Xavier Corval, fondateur d’Eqosphère et membre du Mouvement des entrepreneurs sociaux, et Arno Pons, directeur général de l’agence digitale 5ème Gauche, appellent à un plan national de valorisation de l’économie numérique. Explications

Que nous manque-t-il pour qu'émergent en France les Google et Facebook de demain ?

 

Xavier Corval et Arno Pons. Aux Etats-Unis, à la fin des années 1990, le vice-président Al Gore, avec son concept d'autoroutes de l'information, a pris le parti d'investir dans le numérique tout en laissant les entrepreneurs s'approprier et développer ce potentiel, convaincu que cette nouvelle économie deviendrait un levier de croissance et de puissance pour le pays. La France a raté ce virage initial, mais il n'est pas trop tard pour libérer les énergies.
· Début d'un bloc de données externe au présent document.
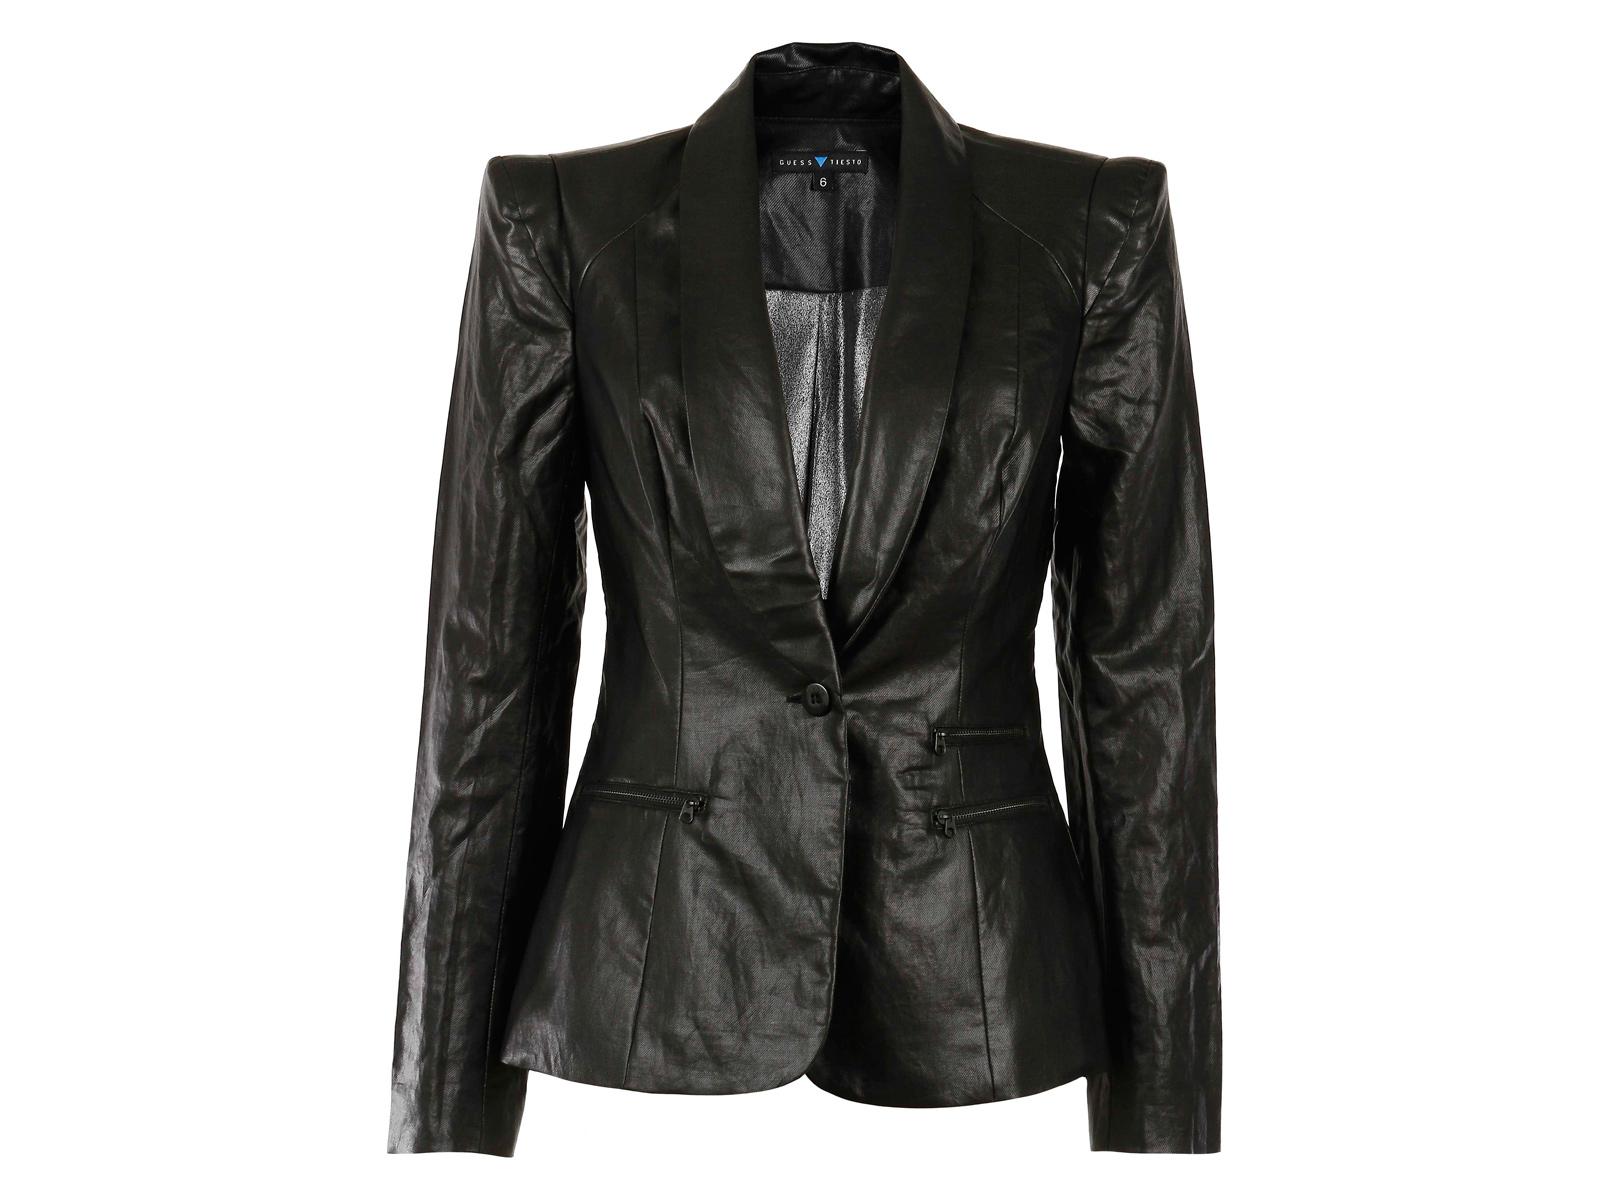 Куртка, Guess u2014 TIESTO COLLECTION  ТЦ Метрополис, Ленинградское шоссе, 16А цена 9 000 руб.

A l'heure où les contraintes budgétaires menacent l'innovation, où la morosité pèse sur les initiatives économiques, «l'énergie» numérique est une véritable opportunité de rebond. Innover et exploiter la transversalité sont indispensables pour faire face aux défis du moment et, au-delà, aller vers un modèle de croissance raisonnée et durable intégrant d'autres indicateurs que le seul produit intérieur brut (PIB). C'est dans cet esprit que nous proposons l'organisation d'un Grenelle du numérique qui est une invitation à la conduite collective du changement. Il faut une prise de conscience et une volonté politique favorisant l'innovation dans un cadre économique repensé

 

Pourquoi cette appellation «Grenelle du numérique», après un «Grenelle de l'environnement» connoté politiquement et sujet à controverse ?

 

X.C. et A.P. Le Grenelle de l'environnement, lancé sous la présidence de Nicolas Sarkozy, a eu le mérite de mettre le sujet du développement durable au cœur des débats et d'embarquer les différents intervenants dans une démarche constructive et collaborative. Nous avons les mêmes objectifs: favoriser une prise de conscience collective de l'enjeu numérique et coproduire des solutions qui engagent les acteurs privés et publics. C'est un changement de paradigme de la politique publique. Le but n'est pas de légiférer mais d'imaginer le nouveau modèle de relation entre les collectivités publiques et les forces vives du numérique. Nous devons inventer un type d'organisation à mi-chemin entre les commissions et les «hackathons». Les politiques doivent comprendre qu'Internet implique une logique «bottom-up» [de bas en haut] qui modifie la relation public-privé.

 

C'est pourtant bien aux pouvoirs publics que vous en appelez pour orchestrer ce mouvement...

 

X.C. et A.P. Il faut évidemment une impulsion nationale et c'est à l'Etat stratège de décider des politiques publiques. Mais, alors que la crise empêche d'investir massivement dans l'innovation, notre pays doit imaginer et expérimenter un modèle qui soit «open innovation», reposant sur la conviction que, désormais, l'innovation créatrice de richesses économiques et sociétales peut émerger de partout. Il s'agit de créer le partenariat gagnant entre l'Etat, les collectivités locales et les acteurs du secteur afin de maximiser le potentiel d'innovation.
C'est ce débat-là qui doit être mené. En France, nous avons un ministère de l'Economie numérique, un Conseil national du numérique, des associations comme Cap digital, un vivier d'entreprises, des incubateurs de start-up, etc. Réunir tous ces acteurs dans un Grenelle des synergies numériques montrerait la voie - par la concertation - d'une croissance collaborative et sortir du fonctionnement en silos.

 

Vous voulez également faire oublier le mouvement des Pigeons ?

 

X.C. et A.P. La seule fois que les acteurs de l'économie numérique ont été identifiés par le grand public et considérés par le gouvernement, ce fut pour la défense de leurs propres intérêts via les «Pigeons»... Oui, cette impulsion pour un Grenelle du numérique vise aussi à offrir une autre image des acteurs du numérique.

 

Quelles sont les prochaines étapes de votre initiative ?

 

X.C. et A.P. Nous lançons un manifeste sur le site Grenelle-numerique.fr qui a déjà reçu le soutien de Dominique Roux, directeur de la chaire d'économie numérique de l'université de Paris-Dauphine, Stéphane Distinguin, président de Faber Novel et de Cap digital, Edouard de Pouzilhac, président de l'AACC interactive, Pierre Robinet, directeur de l'intégration digitale chez Publicis, Eric Legale, directeur général d'Issy Media... Entendre, le 14 juillet, le président de la République dire «Nous allons tout mettre sur le numérique» nous encourage dans notre démarche. A cette ambition nous proposons une méthode!